There now seems to be a belief in certain circles that studying how to become a teacher in a university context (plus placements) has little value. Instead all the training should be done on the job.  Imagine the same argument being applied to surgery, general practice, or architecture.  I for one would much rather be treated by a doctor who has been trained through a combination of education in anatomy and physiology alongside supervised obesrvation and practice, rather than one who had simply been sent along to learn by watching and doing.

But today I was involved in a meeting about 'School Direct', a new way of training new teachers.  They will be recruited to a school - indeed to a school which intends to employ them in the longer term.  They will not come to the university, or be mentored from the university.  They will be supervised entirely within the school.
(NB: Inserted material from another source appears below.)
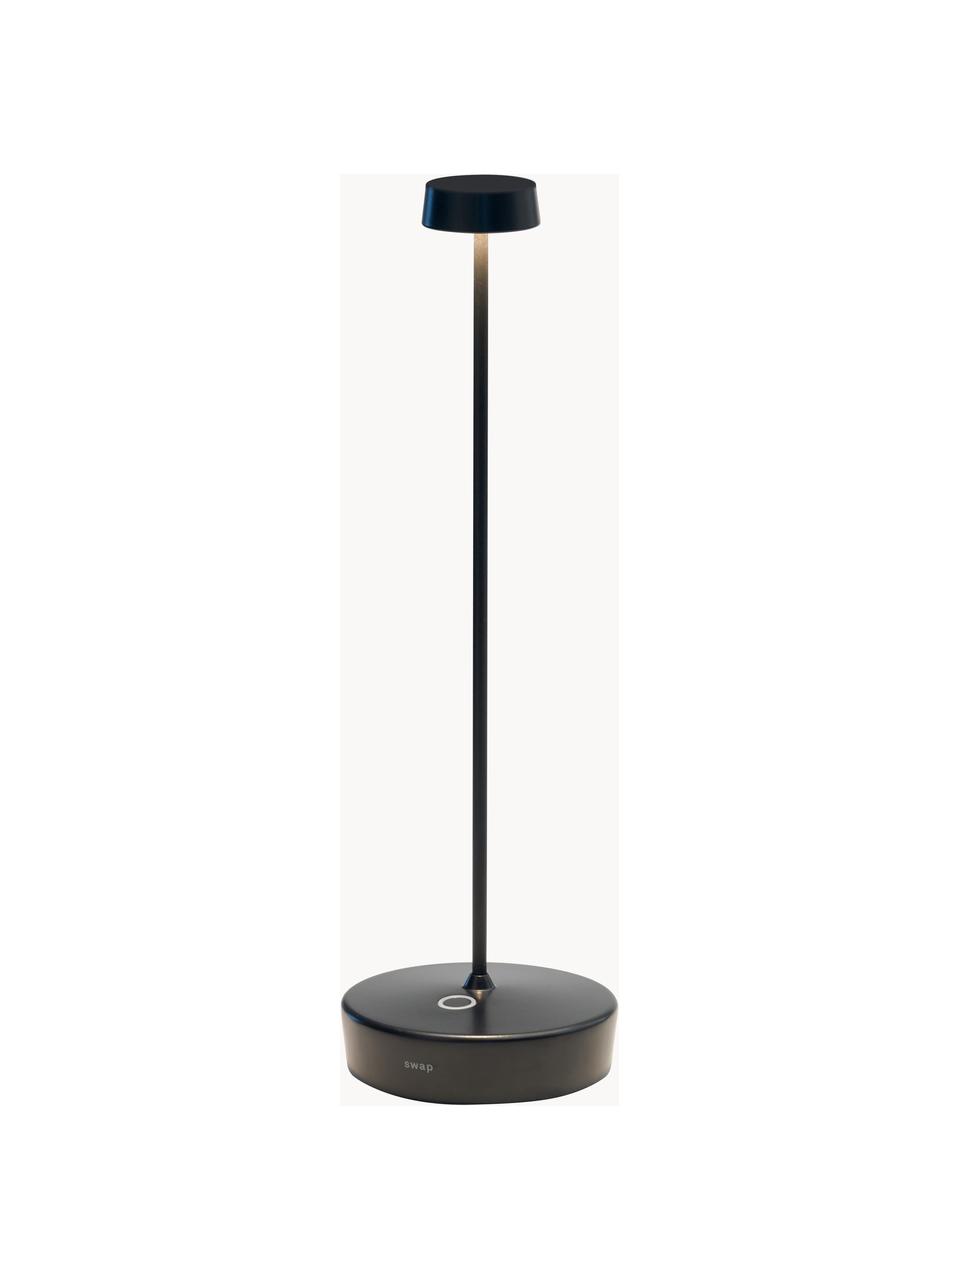 Malá přenosná stmívatelná stolní LED lampa Swap Mini, Černá, Ø 10 cm, V 29 cm

They will not meet educational researchers, or learn about the new developments in thinking about the delivery of their discipline.  And yet there is still a nod in the direction of universities in the scheme because although these individuals will not obtain any qualification whatsoever from their training period (no PGCE, no CertEd, no MA), universities are being asked to register them.  They will be on our books in some way but for a non-qualification, with no content provided by the university, no assessment undertaken by us, and no degree award at the end.  The university will have virtually no contact with these 'students': instead it will in some way supervise the way in which the performance of these trainees is being assessed in the schools in which they are working. 

What a contrast with various mainland European systems that I know - where to become a specialist secondary school teacher a student moves onto a specific degree track for 2 or even 3 years for the integration of subject knowledge with the development of expertise in pedagogy.